I came to Oberlin with big dreams; I wanted to become a scientist and continue my studies as a musician. For my first year, I spent hours pouring over my problem sets, studying in the library, and working on a faculty research project. Though I am a student in the college, I auditioned for cello lessons with a faculty member, studied alongside the conservatory students in her studio, and played chamber music. However, something was missing. I could spend all day in the Science Center and practice room, but somehow I hadn’t quite found my community at Oberlin.
The winter term of my sophomore year, I decided to take a month-long course with the National Outdoor Leadership School (NOLS). I spent the month kayaking, hiking, and diving in Baja, Mexico, and rediscovered my childhood love for the outdoors. Coming back to Oberlin afterward was daunting: where was I going to find the mountains, waves, and wilderness with which I had spent the last month reacquainting myself?
Not long after winter term, I saw an outing club poster on a bulletin board. “What on earth are they going to do in Ohio?” I wondered. Though skeptical, I signed up for the trip, and spent a day hiking around the Appalachian foothills. After meeting other Oberlin students that were excited about the outdoors, I never looked back.
Now I lead and go on numerous trips a year, spending each break climbing, hiking, and paddling in conjunction with the outing club and climbing corps. I took the rock climbing ExCo and am now a supervisor at the climbing wall. I led a trip to Hocking Hills State Park in southern Ohio, where I was able to share a place I used to go as a child with other Obies. Last semester, I took SCUBA classes in Carr Pool to become a certified diver.
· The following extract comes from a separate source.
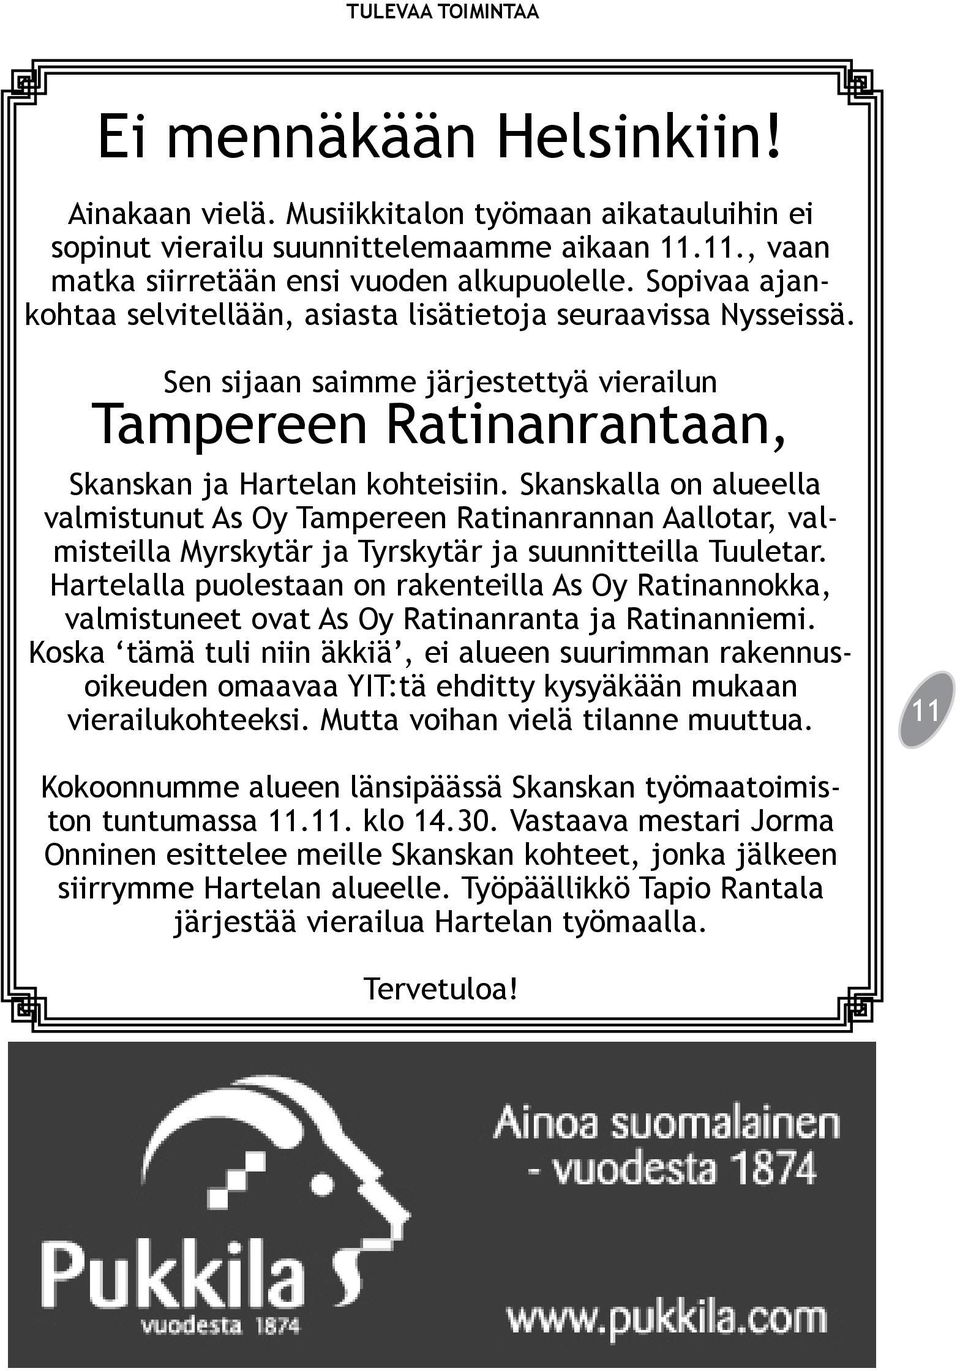 Skanskalla on alueella valmistunut As Oy Tampereen Ratinanrannan Aallotar, valmisteilla Myrskytär ja Tyrskytär ja suunnitteilla Tuuletar.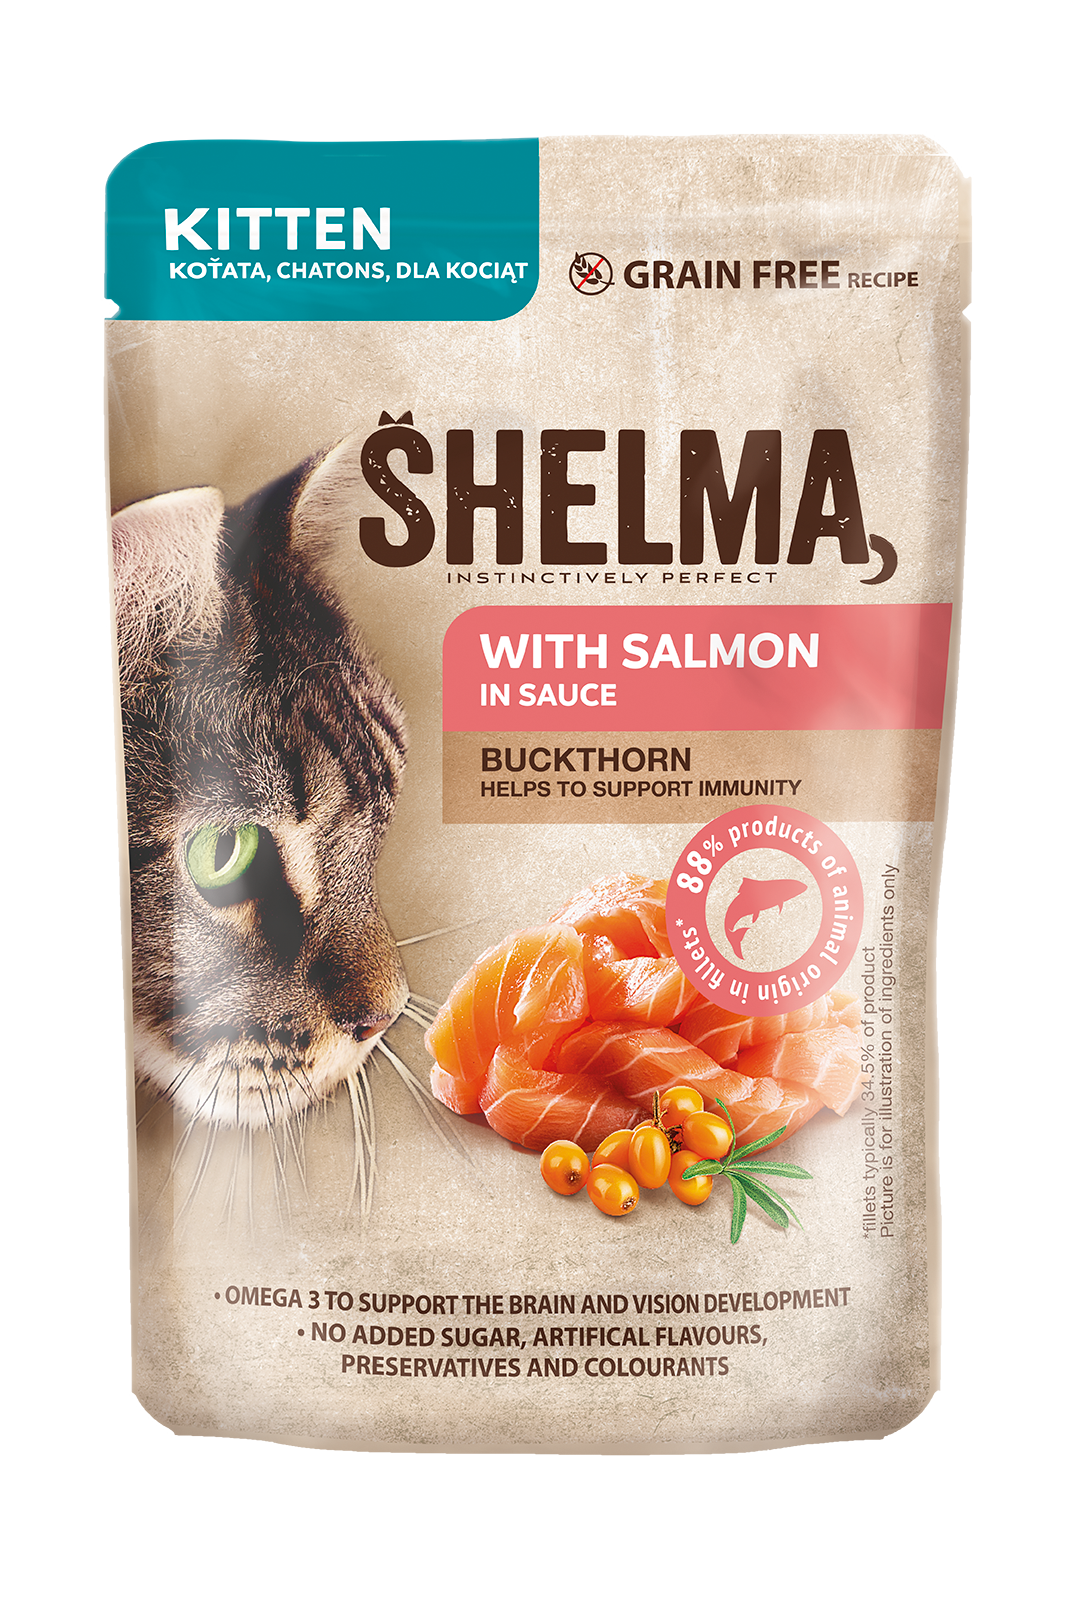 Nourriture pour chat Shelma - nourriture pour chaton riche en dinde fraîche  - 5 x 750g

My advice? Find what you’re passionate about, both in and out of the classroom. I still love my academics, and my chemistry studies are the reason I’m at Oberlin. I am a researcher, tutor, and TA in the department, and I enjoy working on these demanding endeavors, and I love talking about all of these activities. However, at the end of the day, you’ll find me teaching at the rock wall, rolling a kayak in the pool, or planning my next adventure. While these may not necessarily further my academic résumé, they have been an essential part of my Oberlin experience.